Gemini's billing key: the increasing risk of the API keys exposed in Google Cloud

A security investigation recently brought to light a failure that reveals how an apparently harmless element - Google Cloud's API keys - can become an entry door to advanced artificial intelligence functions and, consequently, to private data and disorbiter invoices. The report, published by Truffle Security, shows that thousands of those keys were visible in client code on web pages and, for a change in how Google enabled its APIs, began to function as credentials for Gemini's endpoints (Google's Generative Language API).

Traditionally, "Aiza" prefix keys have been used mainly as project identifiers for billing purposes, for example for services such as embedded maps. Truffle Security found about 2,900 keys publicly exposed in JavaScript from sites that used them openly. The worrying thing is not just the exposure: it is that when a project activates Gemini's API, those keys stop being merely billing tokens and start authorizing calls to the language generation API without the developers warning it.

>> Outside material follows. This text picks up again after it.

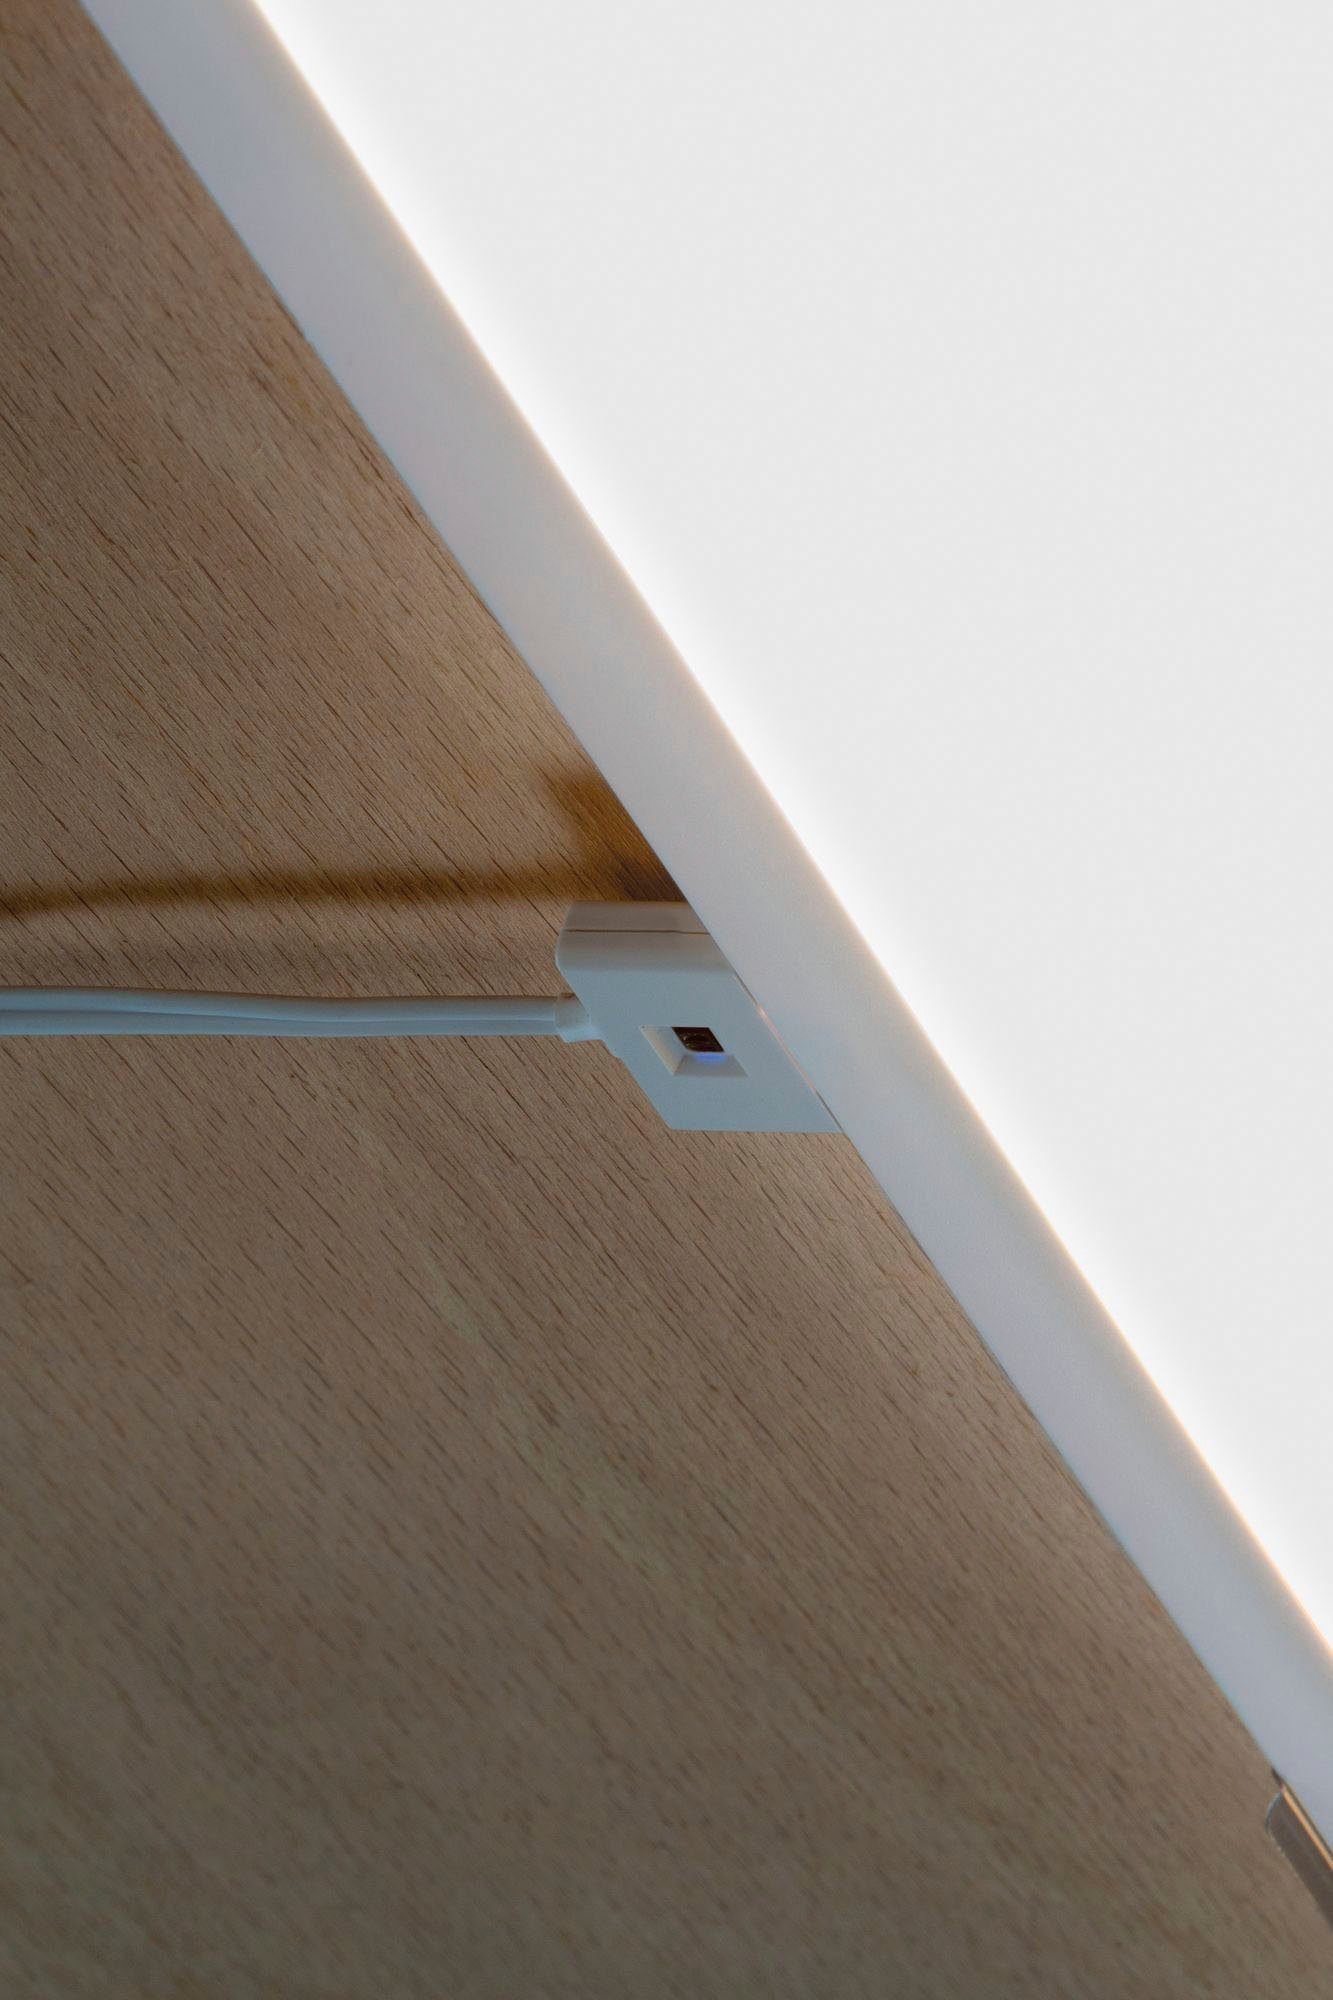 Paulmann Unterschrankleuchte Unterschrank-Panel LED Ace Weiß Weiß LED 10x30cm Ace fest 10x30cm 7,5W Basisset, 7,5W LED Warmweiß, Basisset Unterschrank-Panel integriert

The practical effect is easy to explain and difficult to mitigate after the fact. An attacker who scratches the web and collects one of those keys can make requests to Gemini, consume inference fee that will be charged to the key owner and, in some cases, access private content through endpoints such as / files and / cachedContents. That is, the same key that was previously only on invoices can now allow you to download uploaded files or recover data that had been stored in cache.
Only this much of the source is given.